Mixing: A measure space $(X,\mathscr{A},\mu)$ with measure preserving map $T:X\rightarrow X$ is said to be mixing if for every $A,B\in \mathscr{A}$, $$\lim_{n\to\infty}\mu(A\cap T^{-n}B)=\mu(A)\mu(B).$$

Alternate Mixing: A measure space $(X,\mathscr{A},\mu)$ with measure preserving map $T:X\rightarrow X$ is said to be alternate mixing if for every $f,g\in D\subseteq L^2(\mu)$, $$\lim_{n\to\infty}\langle U_T^n f,g\rangle=\lim_{n\to\infty}\langle f(T^n),g\rangle=\langle f,1\rangle\langle 1,g\rangle=\mathbb{E}(f)\mathbb{E}(g).$$ Where $D$ is a dense subset of $L^2(\mu)$.

As stated by the OP, the implication (Alternate Mixing)$\implies$(Mixing) follows easily by considering indicator functions.

For the other implication, we will need the following lemma that follows from Lemma $3.13$ of Rudin's Real and Complex Analysis, $3$rd Ed, p. $69$.

Lemma Let $(X,\mathscr{A},\mu)$ be any measure space. Then the set $S$ of all simple functions with finite support are dense in $L^2(\mu)$.

(Mixing)$\implies$(Alternate Mixing)

Assume that the statement of the mixing definition holds true. Take any $r,t\in S$. We define, $$ r(x)=\sum^n_{i=1}a_i\mathbf{1}_{A_i}(x)\qquad t(x)=\sum^m_{j=1}b_j\mathbf{1}_{B_j}(x)$$ Where $\bigcup_{i=1}^n{A_i}\subseteq X$ and $\bigcup_{j=1}^m{B_j}\subseteq X$ and also $\{a_i\}_{i=1}^n\cup\{b_j\}_{j=1}^m\subseteq \mathbb{R}$.

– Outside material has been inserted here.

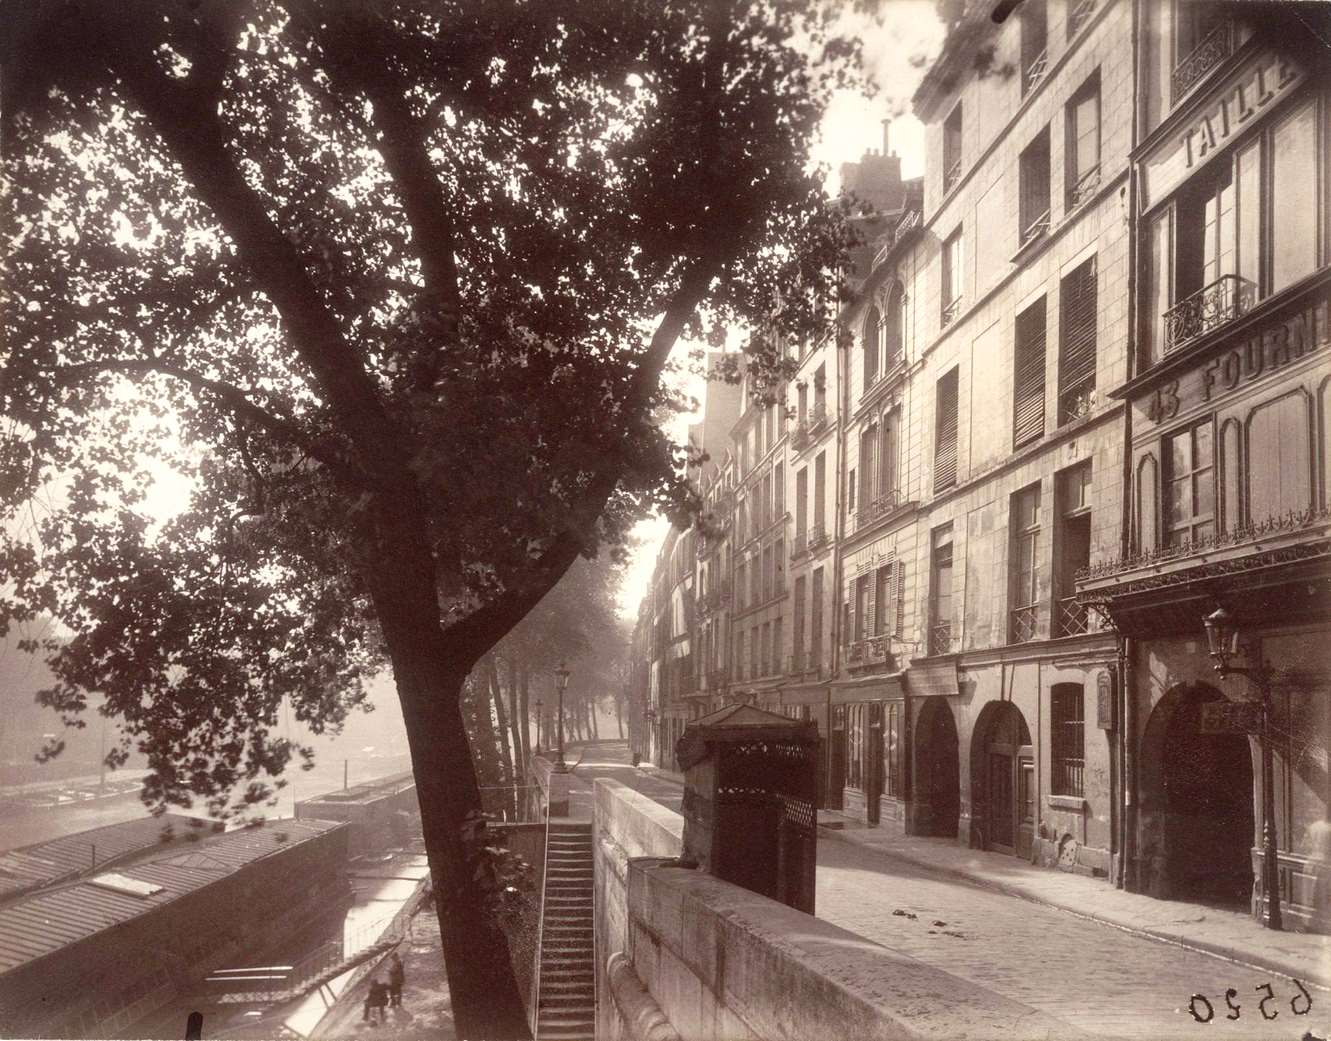 The quay of Anjou on the morning in Paris, 1924

Consider then, $$\langle r(T^n),t\rangle=\int_X \left(\sum_{i}a_i\mathbf{1}_{T^{-n}A_i}\right) \left(\sum_{j}b_j\mathbf{1}_{B_j}\right)d\mu$$ $$= \int_X \sum_{i,j}a_ib_j\ \mathbf{1}_{T^{-n}A_i\cap B_j}\ d\mu.$$ By the linearity of the integral, $$\langle r(T^n),t\rangle=\sum_{i,j}a_ib_j \int_X\mathbf{1}_{T^{-n}A_i\cap B_j}\ d\mu=\sum_{i,j}a_ib_j\ \mu(T^{-n}A_i\cap B_j).$$ Therefore, $$\lim_{n\rightarrow\infty}\langle r(T^n),t\rangle=\lim_{n\rightarrow\infty}\sum_{i,j}a_ib_j\ \mu(T^{-n}A_i\cap B_j)=\sum_{i,j}a_ib_j\ \lim_{n\rightarrow\infty}\mu(T^{-n}A_i\cap B_j).$$ By our assumption, we have that, $$\lim_{n\to\infty}\langle U_T^n f,g\rangle=\lim_{n\rightarrow\infty}\langle r(T^n),t\rangle=\sum_{i,j}a_ib_j\mu(A_i)\mu(B_j)=\left(\sum_{i}a_i\mu(A_i)\right)\left(\sum_{j}b_j\mu(B_j)\right)$$ $$=\mathbb{E}(r)\mathbb{E}(t)=\langle r,1\rangle\langle 1,t\rangle.$$

And the required result follows.

We can use the result we have just proven to prove that the alternate mixing definition holds true on all of $L^2(\mu)$.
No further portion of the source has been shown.